Artemisia Gentileschi: an artistic challenge to 17th -century patriarchy
Alessia Silvi
History of Art
3rd
Year of study:
Abstract
My project focuses on the female painter Artemisia Gentileschi’s works in Venice (1627-1630), an enigma for art historians because few of her paintings from this time have survived. We know, however, that Artemisia played a central role in the most influential Venetian cultural circles: as sources show, she engaged with prominent female writers (often defined as ‘proto-feminist’ for their radical views on women’s worth) and with intellectuals that contributed significantly to the birth of opera.

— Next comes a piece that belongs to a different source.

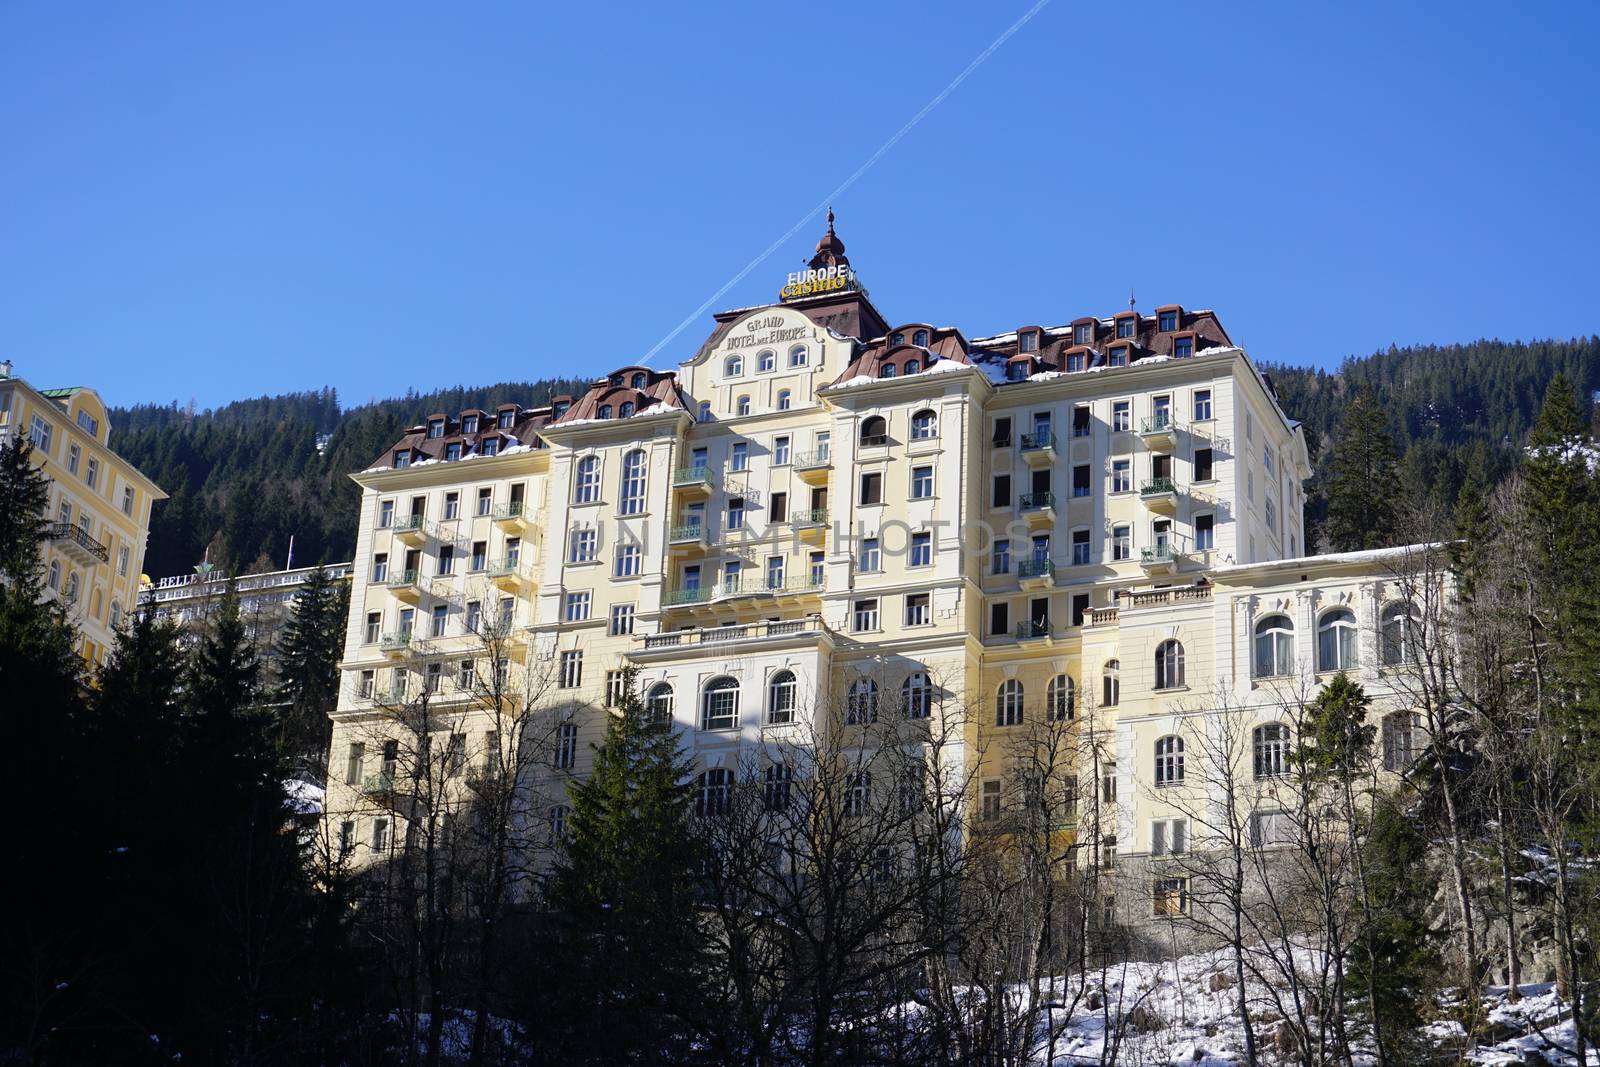 Gastein hotel, Bad Gastein, Austria by vlad-m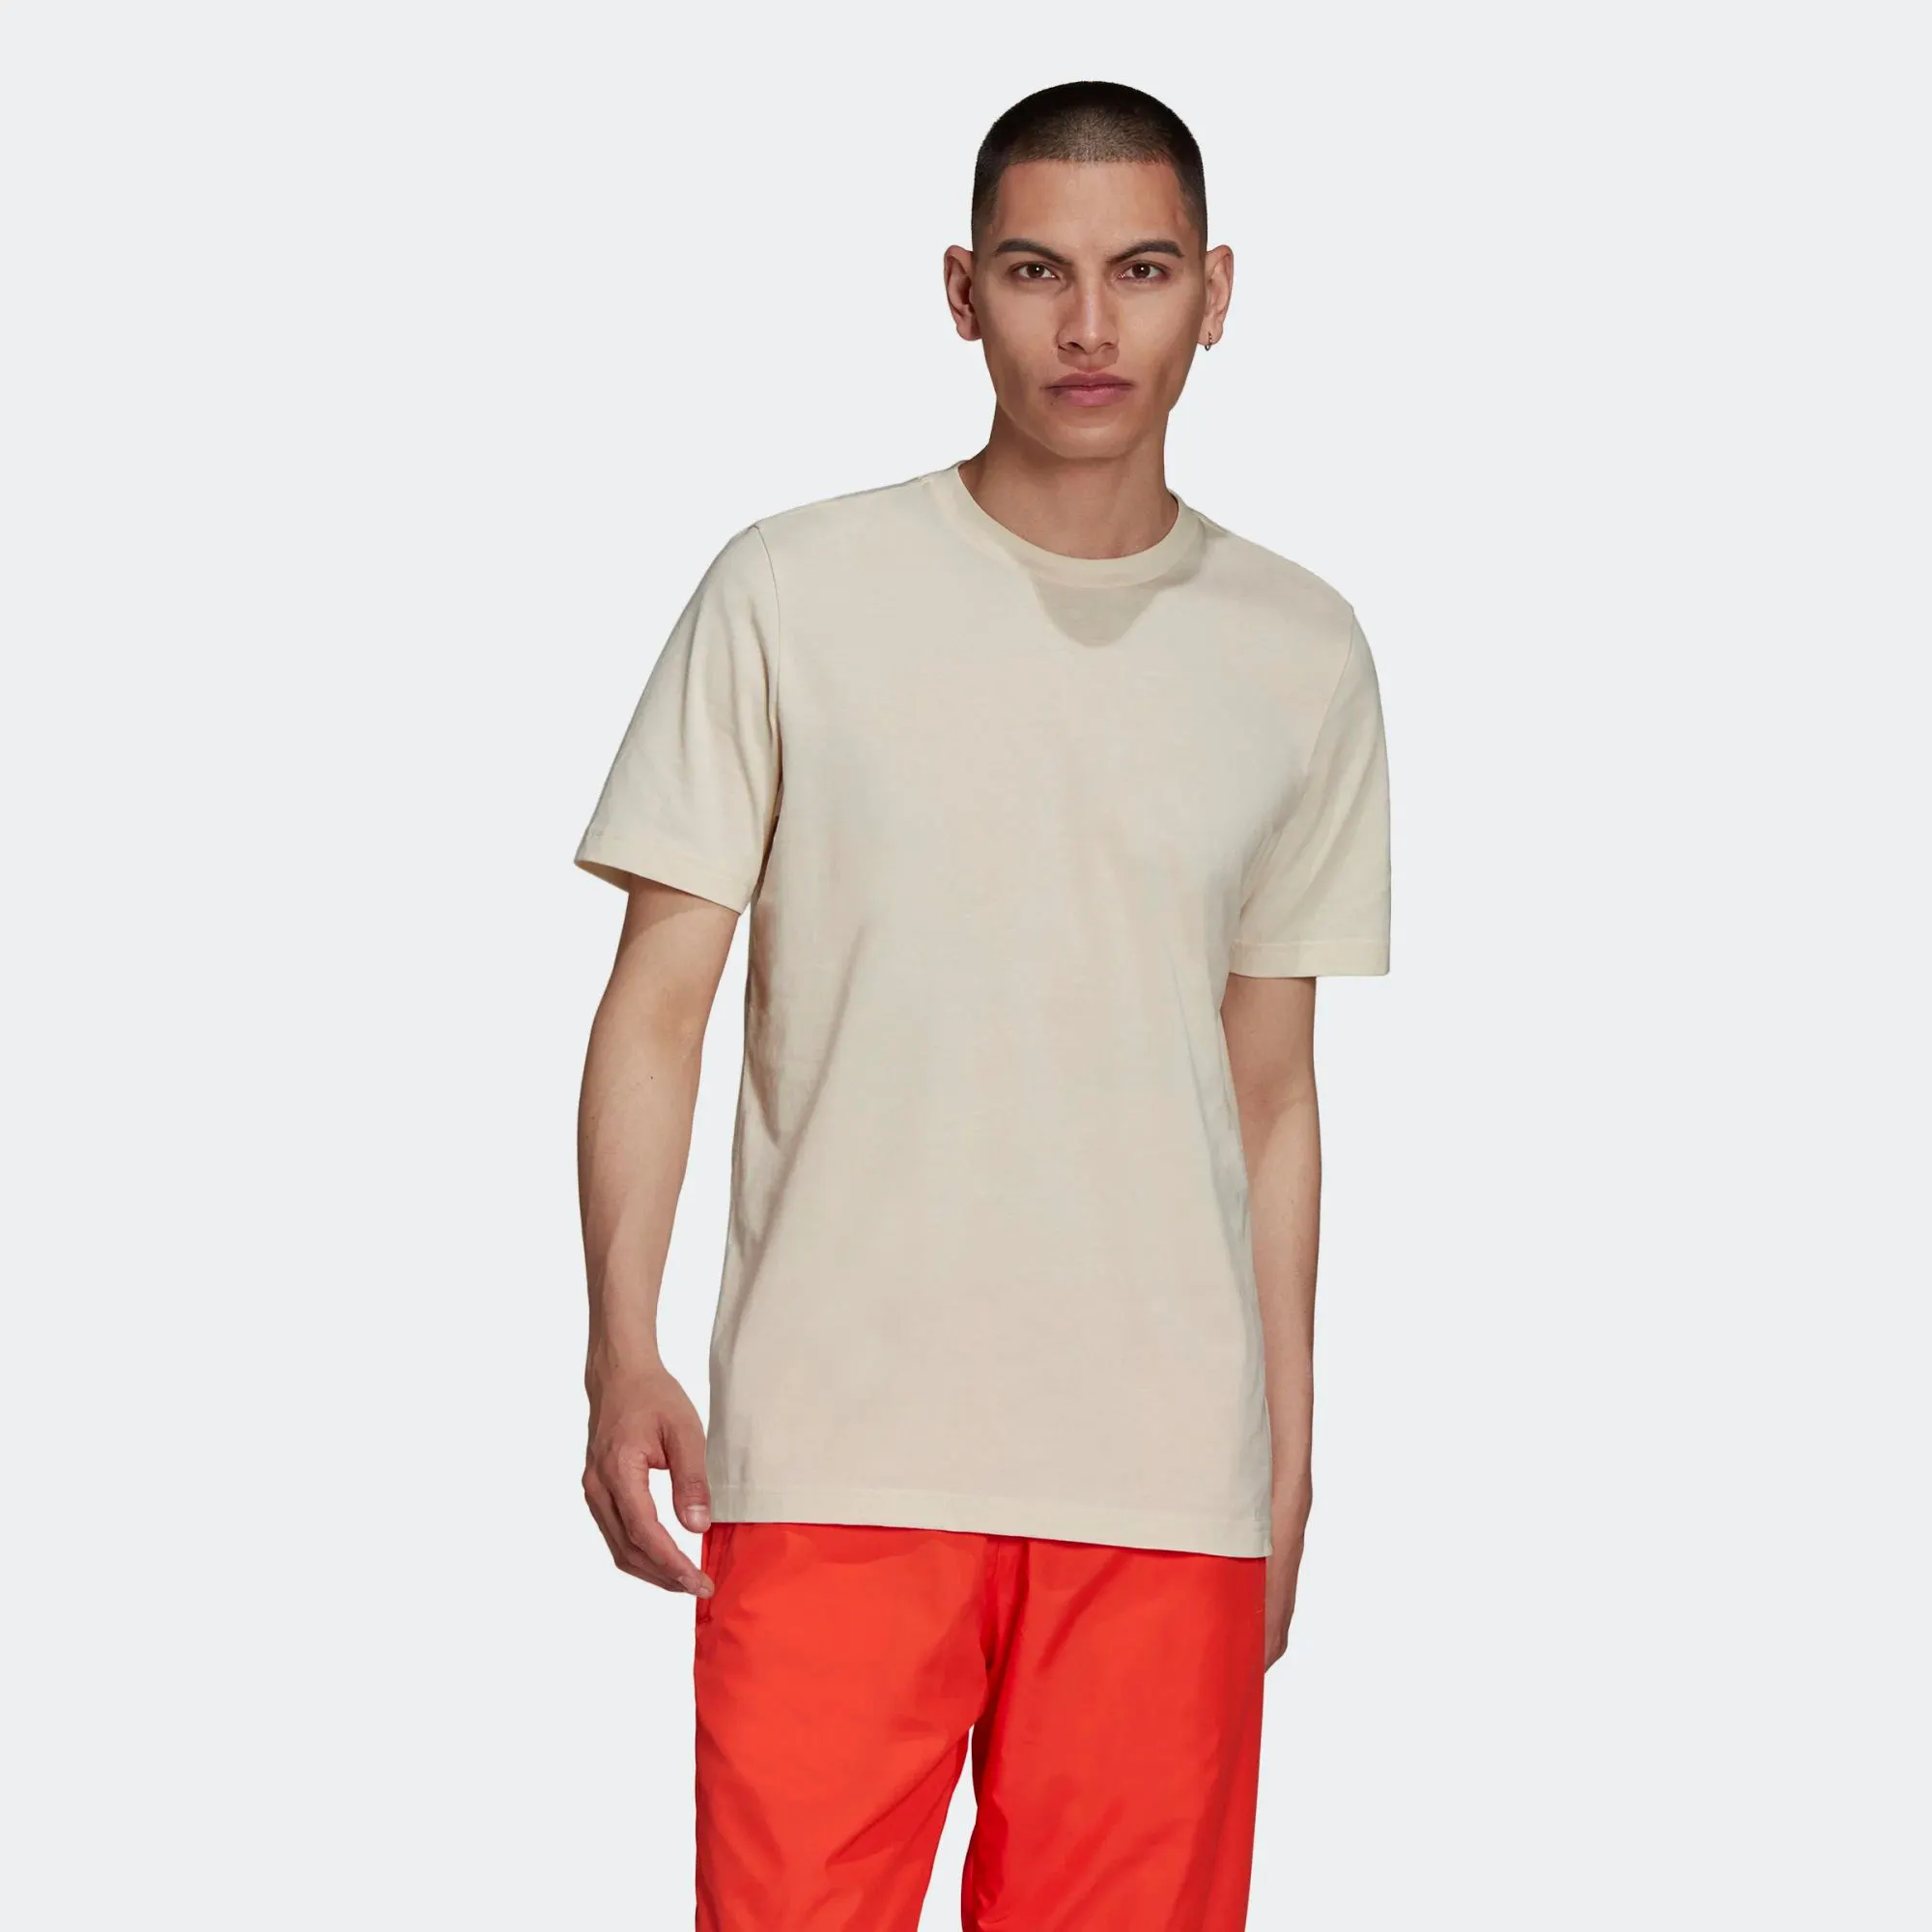 Camiseta de manga corta para hombre, camisa de cuello redondo acanalado, 100% algodón, color rojo vivo, essential

By adopting a gender studies methodology, I investigate the links and reciprocal influences between Artemisia’s known paintings during her time in Venice, the treatises on women’s value, and opera scripts, particularly those that present strong female protagonists. These works share an innovative view of women’s bodies, voices and gestures, an original approach to dress and its role as an instrument of eloquence, and a new perspective on exemplary models of femininity. I also argue that these themes intersect with profound social and economic changes in early modern Europe, concerning in particular women’s roles and status. Literary and visual sources articulate cultural debates on female value, in which the virtuose, including Artemisia herself, were undisputed protagonists.
This research also provides an opportunity to reflect on how diverse media, including painting, literature, music and theatre, form a complex web of reciprocal influences while contributing as a whole to define new social and cultural values - in this case, they shape a new and, in some respects, revolutionary idea of femininity and of women’s right to self-expression.